## Your assignment:
Once you find the line with "remembrance crosses and poppies" in the data below, transcribe exactly each line from there to the line with "Bmore Merry Maryland", inclusive, and nothing else. Drop the pictures.

## Data shown:
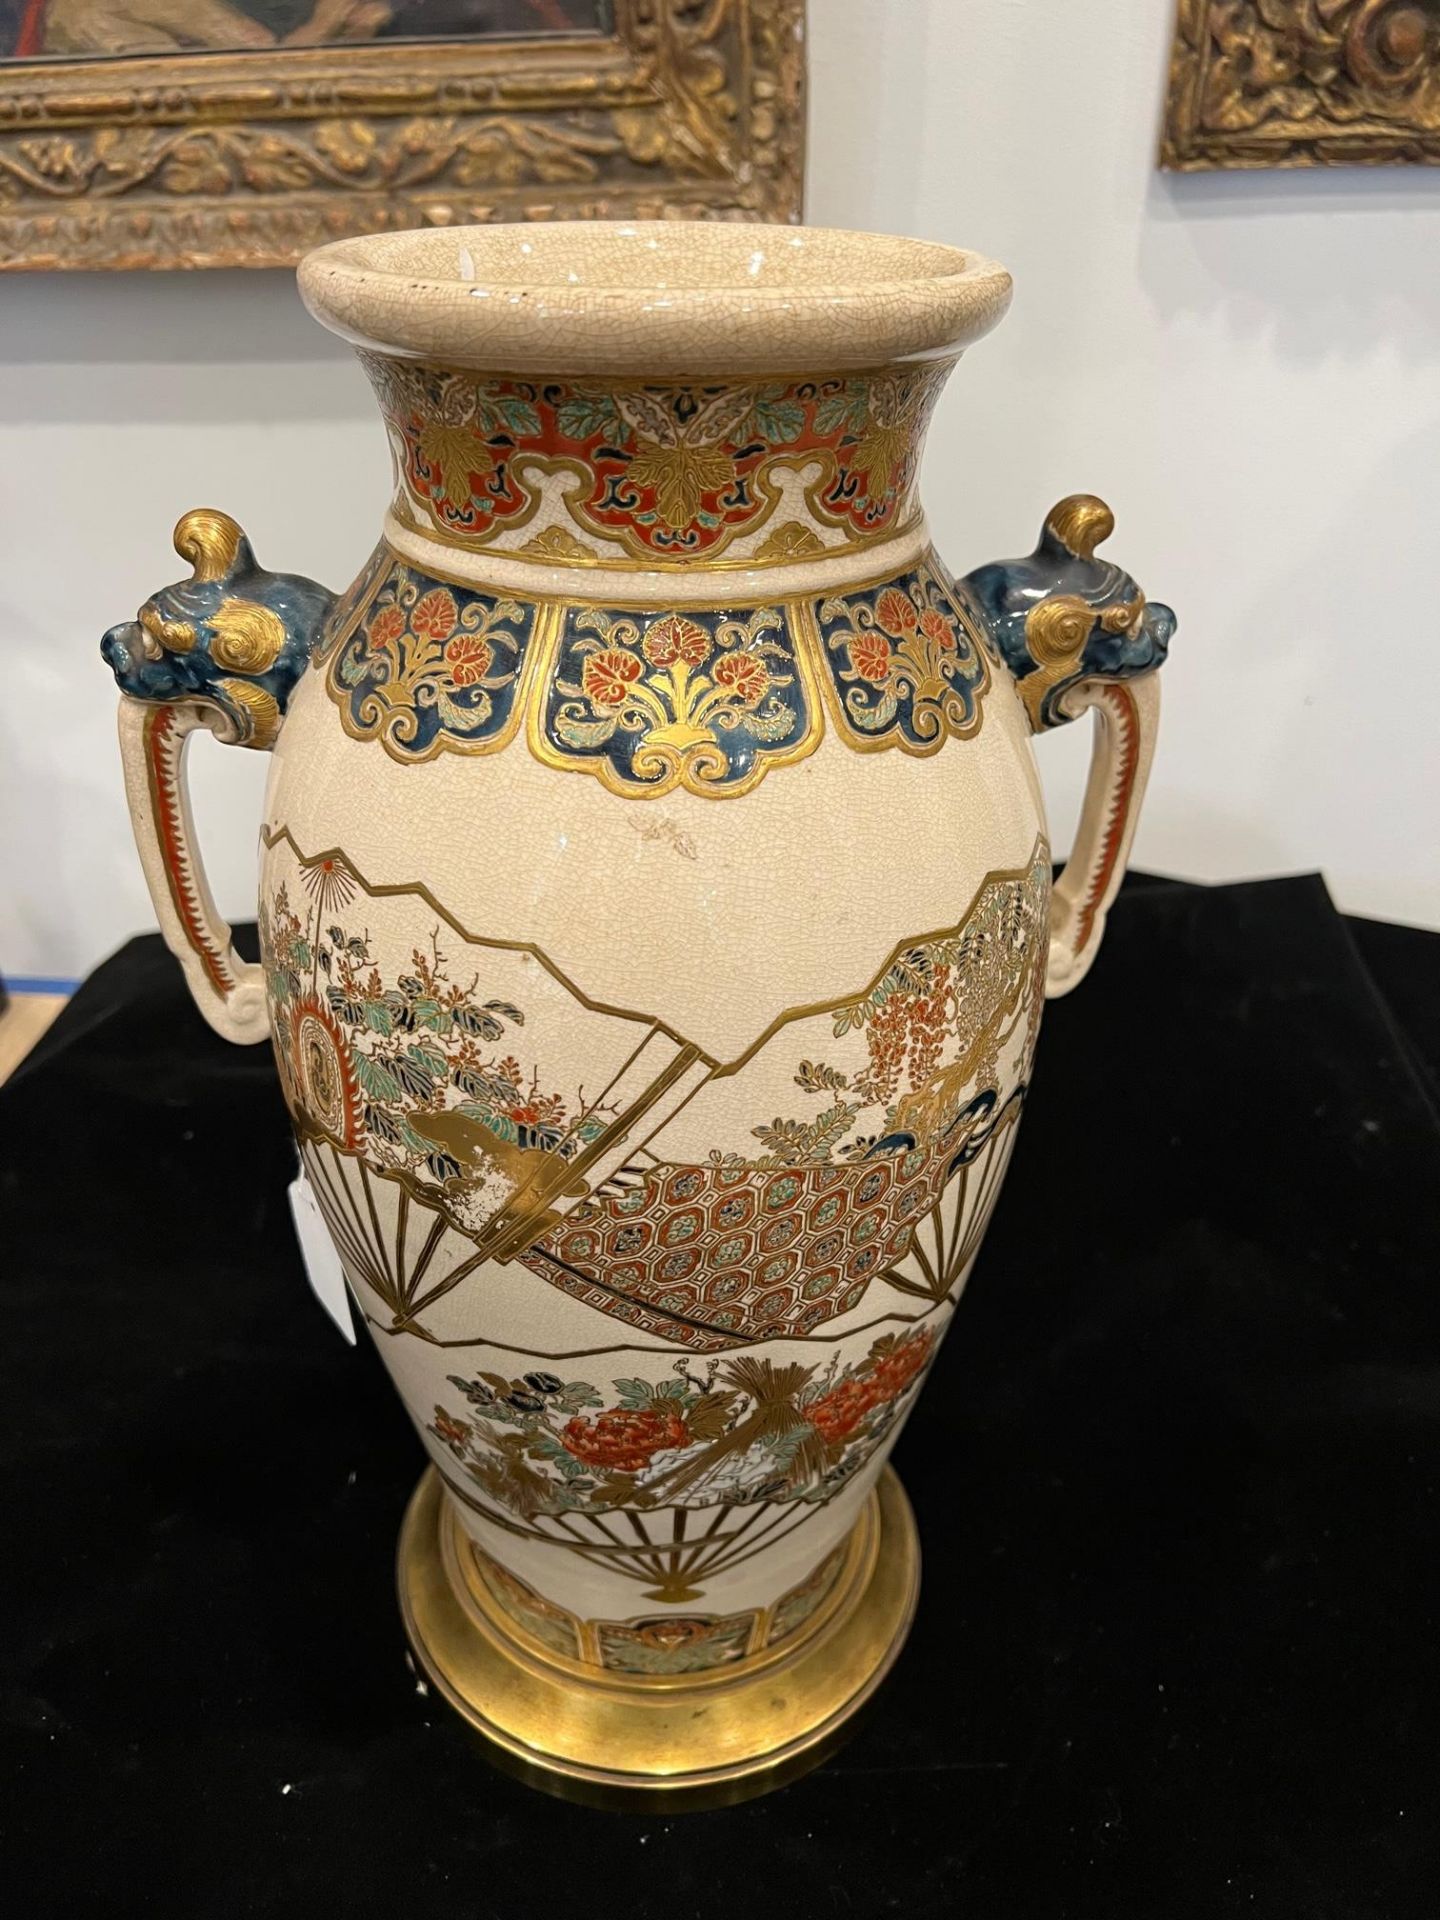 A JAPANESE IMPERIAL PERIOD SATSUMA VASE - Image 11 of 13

...

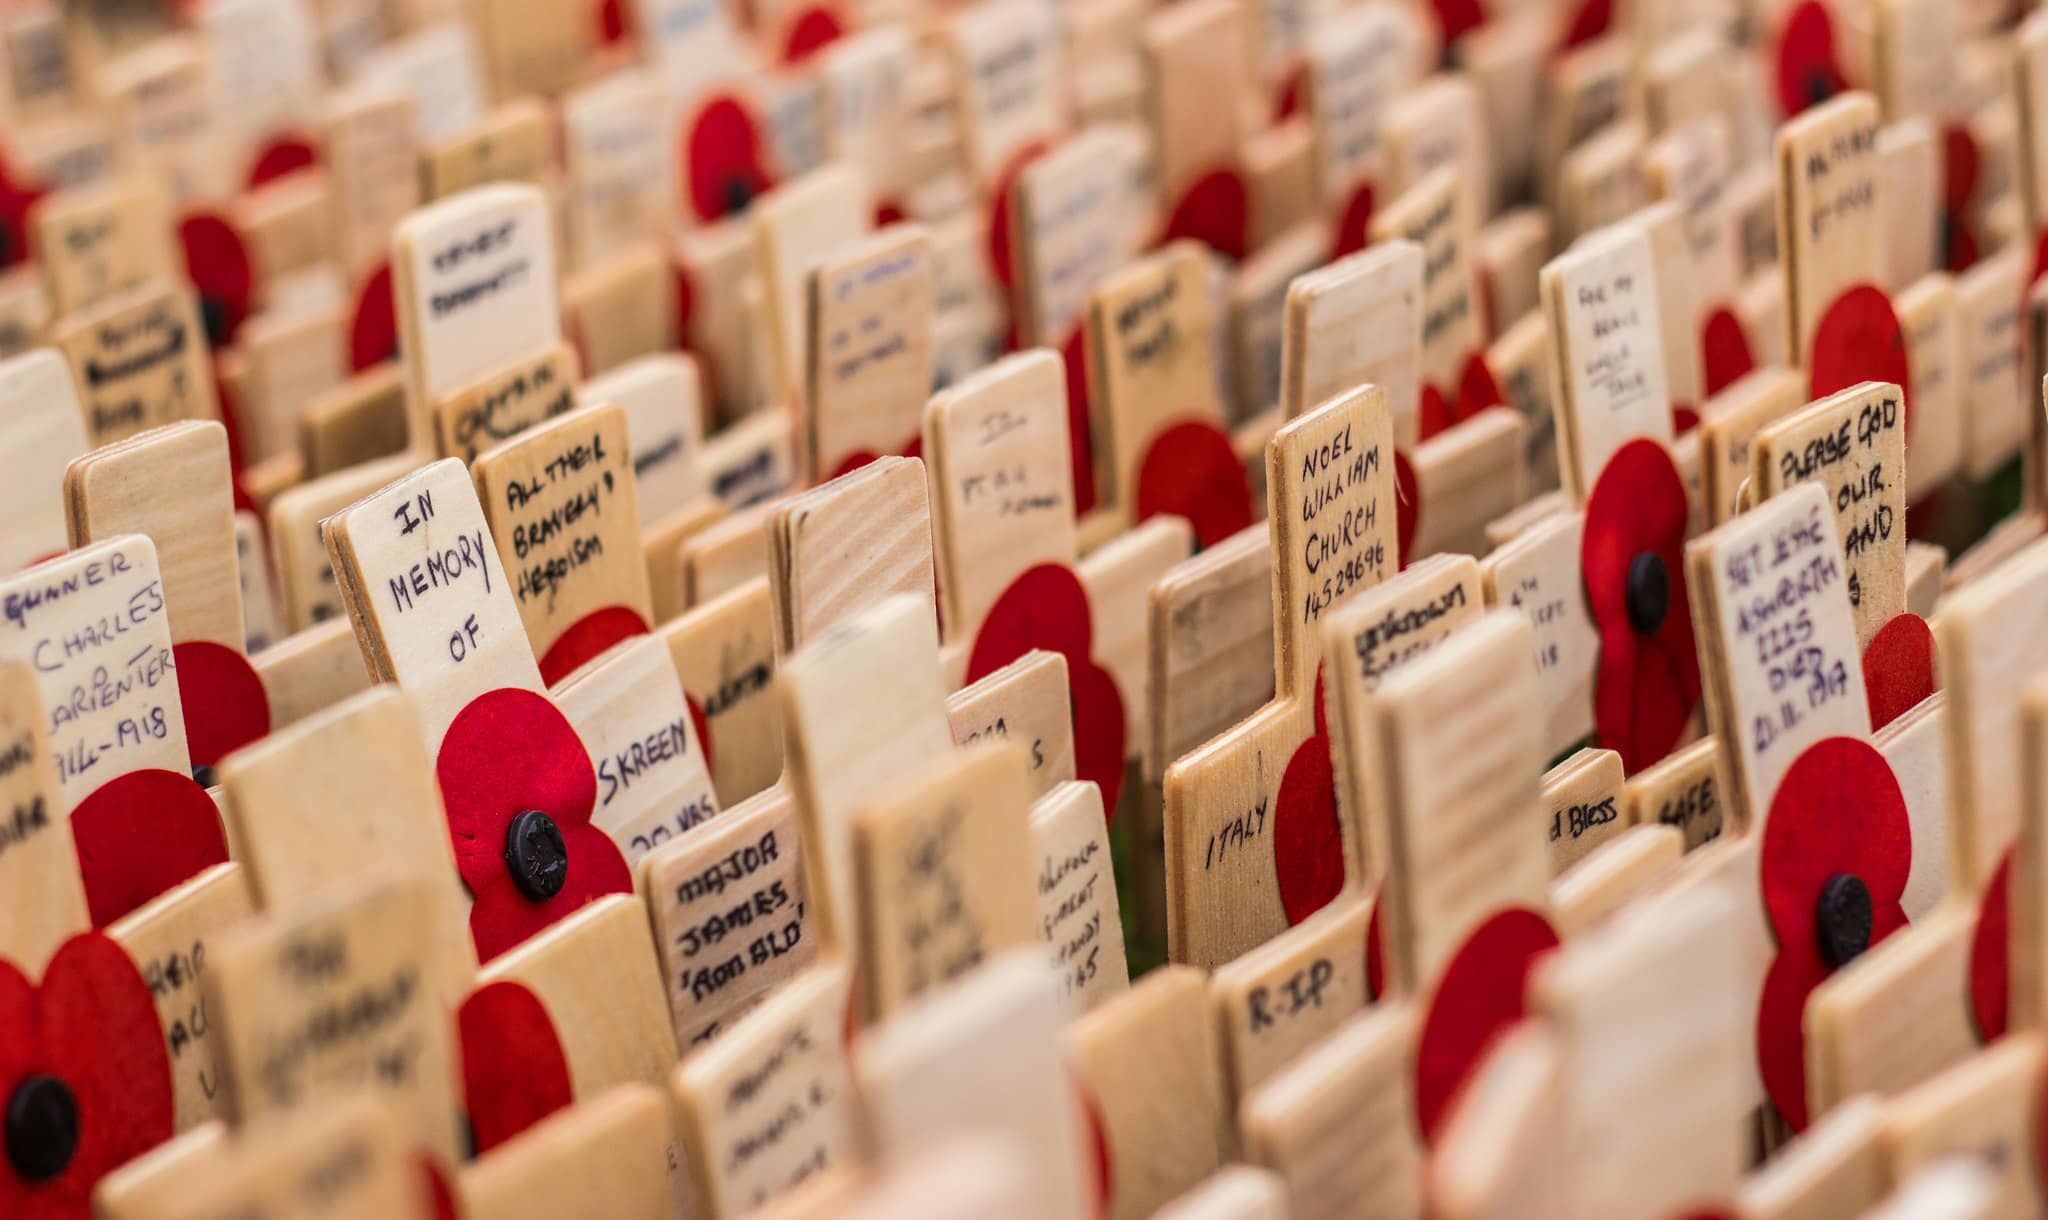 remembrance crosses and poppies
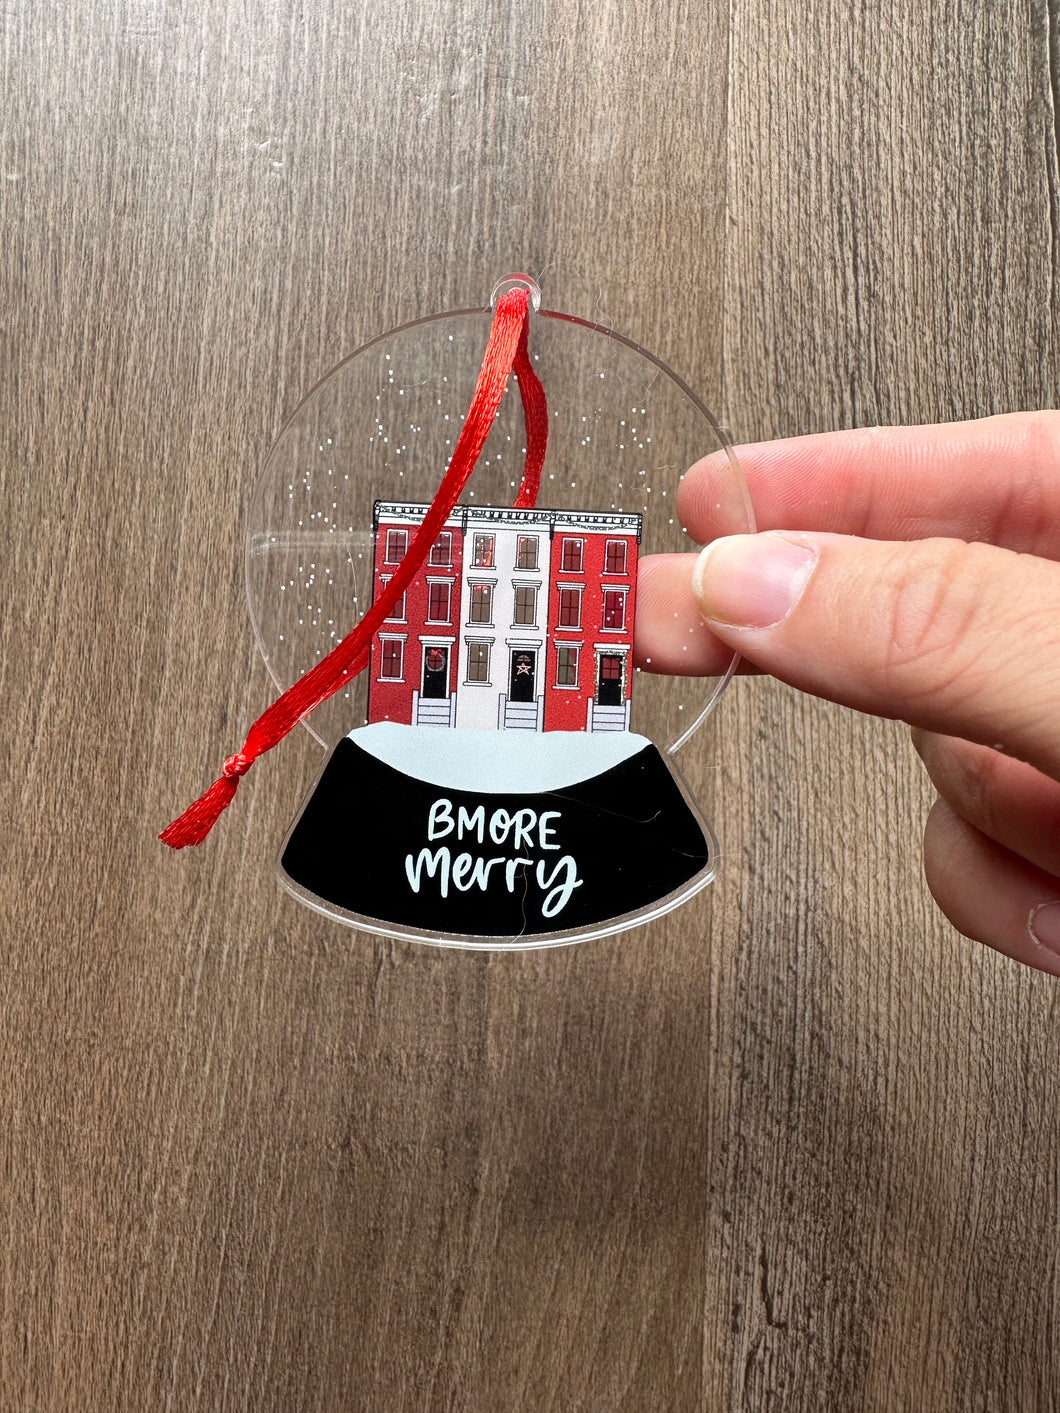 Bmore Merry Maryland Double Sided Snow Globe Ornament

* * *

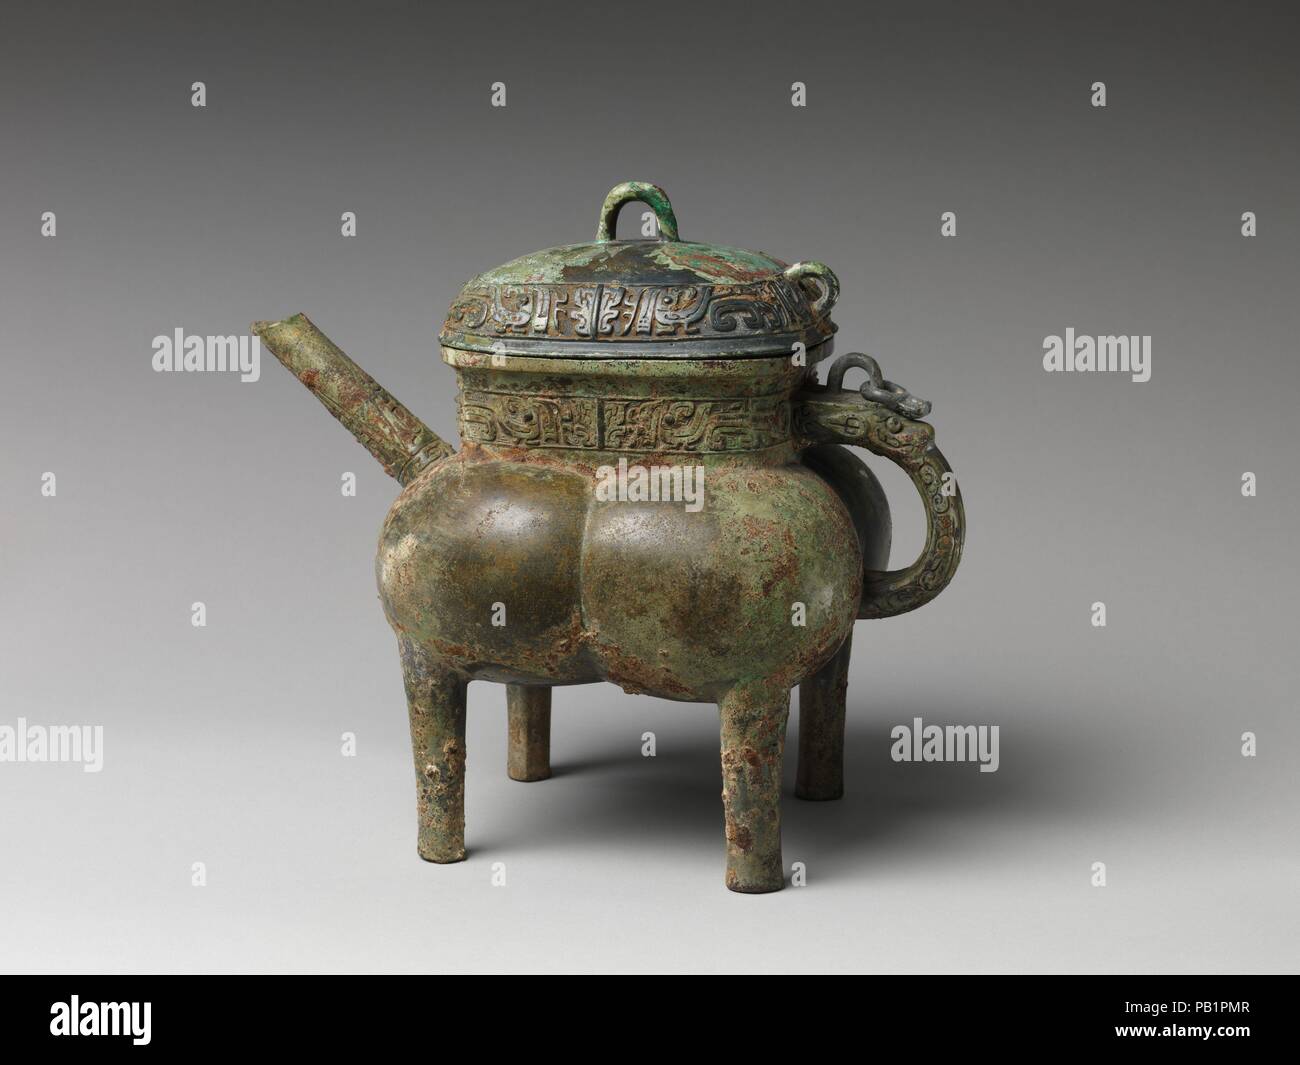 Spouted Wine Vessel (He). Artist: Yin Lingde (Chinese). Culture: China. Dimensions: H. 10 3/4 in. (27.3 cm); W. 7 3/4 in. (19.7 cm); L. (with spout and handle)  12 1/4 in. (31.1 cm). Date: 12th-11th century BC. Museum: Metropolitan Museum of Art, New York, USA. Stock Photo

## Written response:
 remembrance crosses and poppies
 Bmore Merry Maryland Double Sided Snow Globe Ornament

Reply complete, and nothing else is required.